Owen Glynne Jones

Owen Glynne Jones (2 November 1867 – 28 August 1899) was a Welsh rock-climber and mountaineer.

Owen Glynne Jones
Born(1867-11-02)2 November 1867
Died28 August 1899(1899-08-28) (aged 31)
NationalityWelsh
Known forrock climbing, mountaineering
Portrait and signature of Owen Glynne Jones from his book Rock-climbing in the English Lake District

He established many new routes in the Lake District and elsewhere, often climbing with George and Ashley Abraham, brothers who photographed the climbs for posterity.

Rock climbing

Jones was born in London, England, the son of a Welsh carpenter-builder, and took a first-class Honours degree in experimental physics. Not able to obtain a professorship, he became physics master at the City of London School. He began climbing in 1888, and was among those pioneers who first perceived rock climbing as a sport. As a climber, he had an athletic climbing style, and is considered by many to be one of the first "rock gymnasts". Although Jones said little in his writings about his training tactics – other than working with dumbbells – there are several stories regarding his gymnastic feats.[1]

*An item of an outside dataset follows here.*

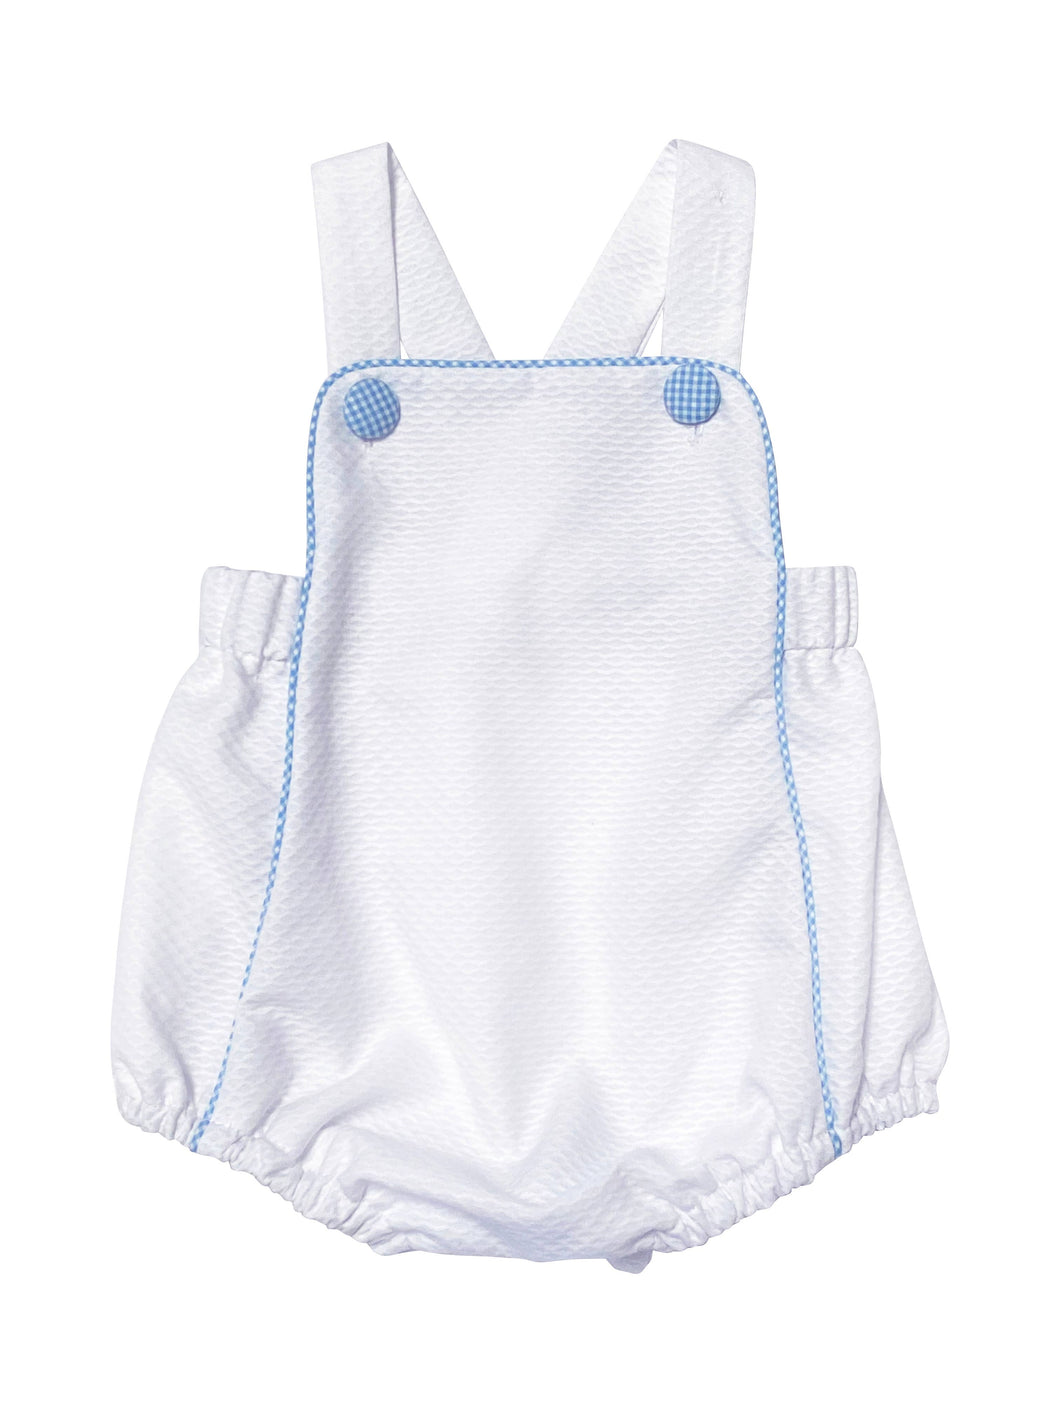 White and Blue baby Boy Strap Romper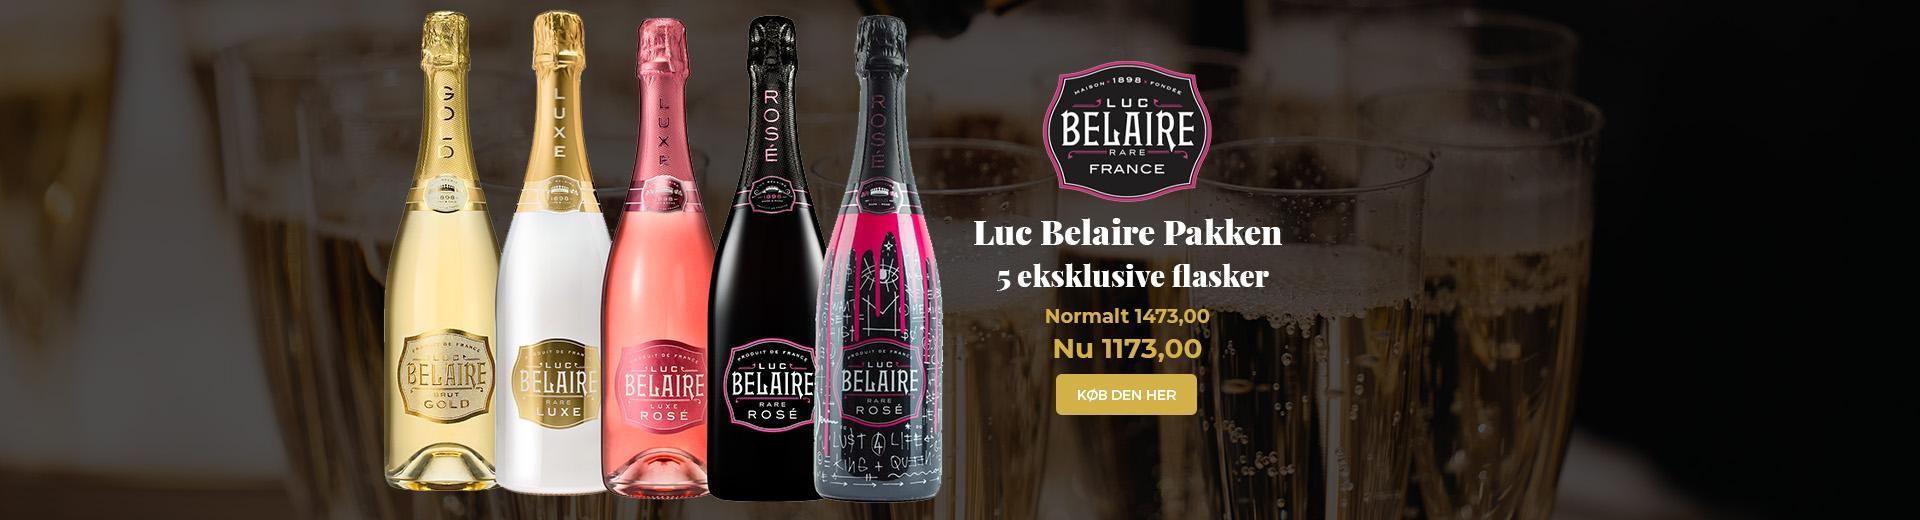 Luc-belaire

Photograph from Jones's book, Rock-climbing in the English Lake District

He jokingly called himself "the Only Genuine Jones", and was famous at Wasdale Head in the Lake District for his gymnastic stunts around the inn. As a rock climber, however, he drew disapproval from some of his colleagues – particularly Aleister Crowley[2] – for his use of a top-rope to explore difficult pitches before attempting them (he was, nevertheless, a very daring climber. He was reputed to be fearless when climbing above a drop, though some have conjectured that this was because of his short-sightedness). Crowley also criticised his "lunging for holds", thought him a self-publicist, and was disdainful of Jones teaming up with "two photographers".

Photograph from Jones's book, Rock-climbing in the English Lake District

In 1896, Jones climbed the 70-foot Kern Knotts Crack with a top-rope. Although he used an ice axe advantageously at the bottom for a step, as well as "combined tactics" (probably a shoulder stand) – accepted practices at the time – this was an impressive ascent. The following year he led a companion up the route in proper fashion. The Crack is now graded as HVS 4c (roughly equivalent to US grade 5.7 or 5.8), and later Jones became so proficient on it he could go up the crack and down an easy chimney nearby in seven minutes. This was a benchmark climb, perhaps as difficult – though not as dangerous – as anything being done in Saxony at that time. Jones developed the forerunner of the currently used British adjectival grading system for rock climbs.

In 1897 O. G. Jones published, with George Abraham, his classic Rock Climbing in the English Lake District; Jones's exuberant style did much to popularise the sport. A facsimile of the 2nd edition (1900) is still in print.

He was killed, at the age of 32, in a climbing accident on the Ferpècle arête of the Dent Blanche in Switzerland. The guides Elias Furrer, Clemenz Zurbriggen and Jean Vuignier were also killed. The four men fell about 1,650 feet (500 m). Mr. F. W. Hill was the party's only survivor.[3]

O. G. Jones features as the main character in Alex Roddie's 2012 publication 'The Only Genuine Jones'. While primarily a work of fiction it contains references to real-life events.

References

  1. Bouldering History
  2. "The Confessions of Aleister Crowley", pair.com. Accessed 29 January 2011
  3. Gos, Charles (1948). "The Collapse of a Bas-Relief". Alpine Tragedy. Trans. Malcolm Barnes. New York: Charles Scribner's Sons. pp. 256–269.